According to the Stanford Encyclopedia of Philosophy, Machiavelli rejected the concept that authority is inextricably linked to morality. Instead, whoever has the power at the time, no matter how he or she wields that power, still has the authority. For this reason, people who try to gain power do not necessarily require morals, which may, in fact, get in the way of acquiring that power.
Famous books that Machiavelli wrote include The Prince and Discourses on the Ten Books of Titus Livy. These books focus on political theory, and The Prince, especially, focuses on Machiavellianism as a form of political practicality. His views promote the use of means other than the psychological authority of a moral right for the acquisition of power and for the person in power to then hang onto that power. These means include lying, keeping information back, manipulation, and violence. Although primarily associated with political systems, Machiavellianism may also be used by regular people in everyday situations.
Psychologists use a system of questionnaires to identify someone's Machiavellianism, or "Mach" score. A subject fills in attitudes toward statements such as "Keep the reason for what you do to yourself unless it helps you to say why you do something." A high score correlates with the ability of the person to manipulate others. These people may also be perceived by others as charming and smart. They also tend to be less helpful than low Mach scorers, unless it suits their purposes at the time.
An example of Machiavellianism in politics is the coercion of a population through the threat and use of force. This may occur in situations such as military coups. Another example of Machiavellianism is to deceive voters in a democratic system as to a politician's character in order for that politician to gain power, in which position he or she can then manipulate the system for his or her own gain.

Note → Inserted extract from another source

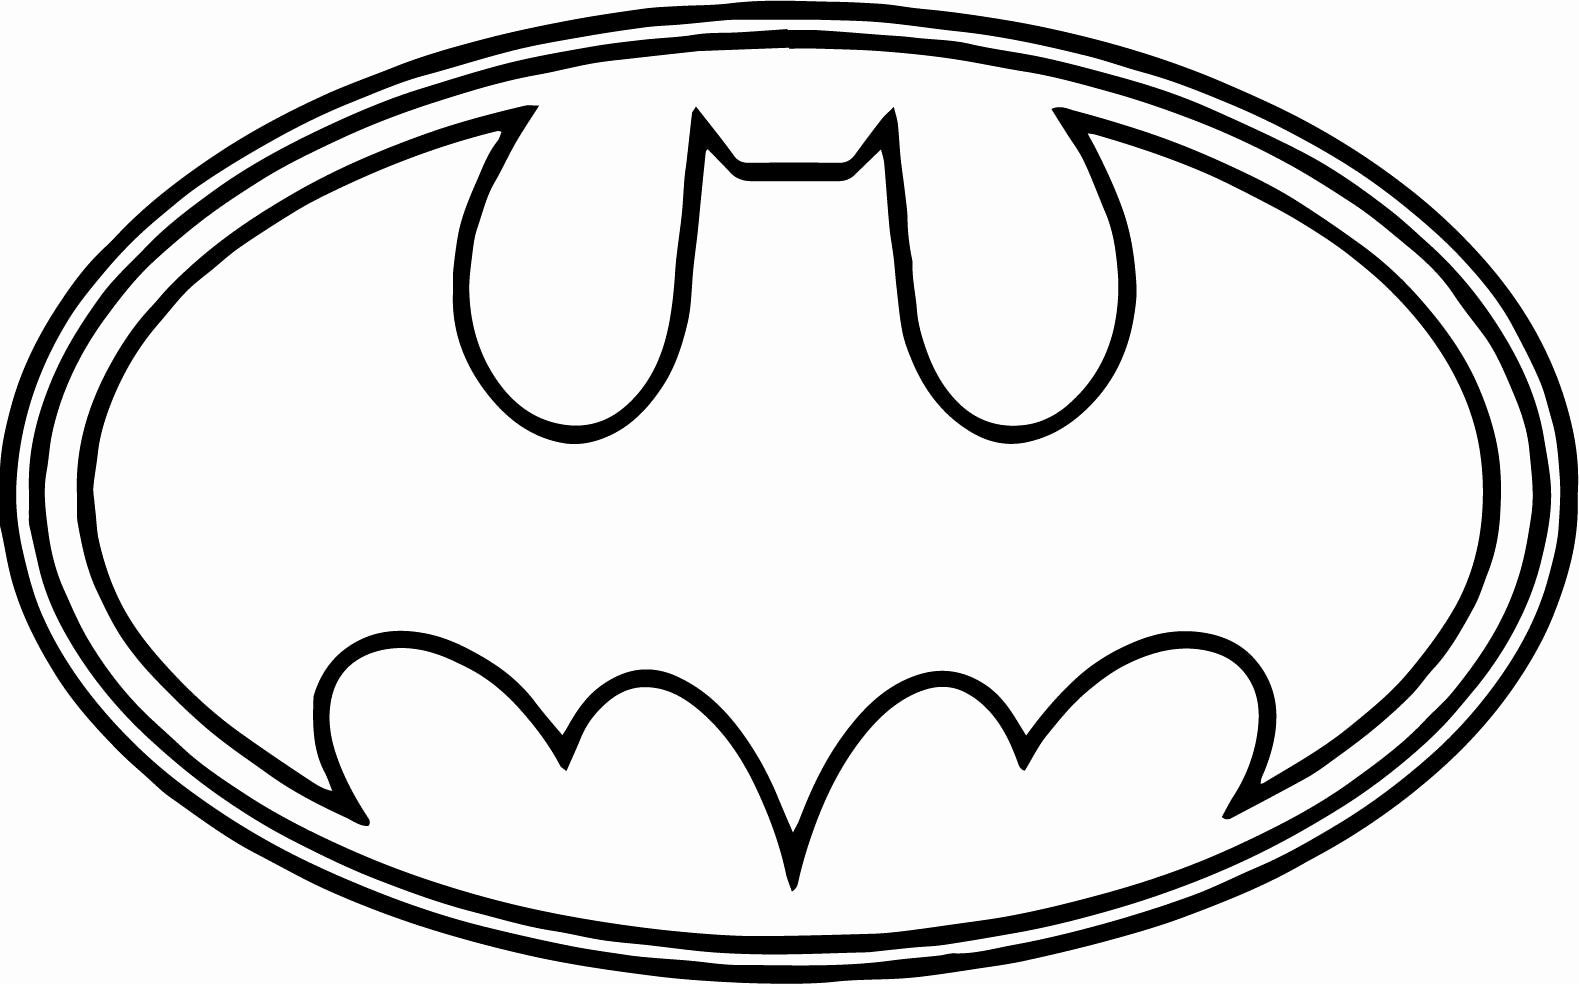 Batman Symbol Coloring Page Lovely Batman Logo Outline Coloring Page Batman Coloring Pages Coloring Pages Superhero Coloring Pages

Outside of formal politics, people engage in personal politics, and here, too, Machiavellians can improve their circumstances through deceit and actions outside what is considered moral. Research studies on the Machiavellian tendencies of the general population have used various situations to figure out the manner in which Machiavellians promote their own welfares over the welfare of others. Machiavellian kids who were told they would get money for each bad-tasting cracker their partners ate attempted to manipulate their partners through lies and neglecting to mention the crackers were disgusting despite the fact that their partners would feel bad after eating them. Adults with high Mach scores may be more persuasive and more likely to steal and cheat in order to gain money and power at the expense of others.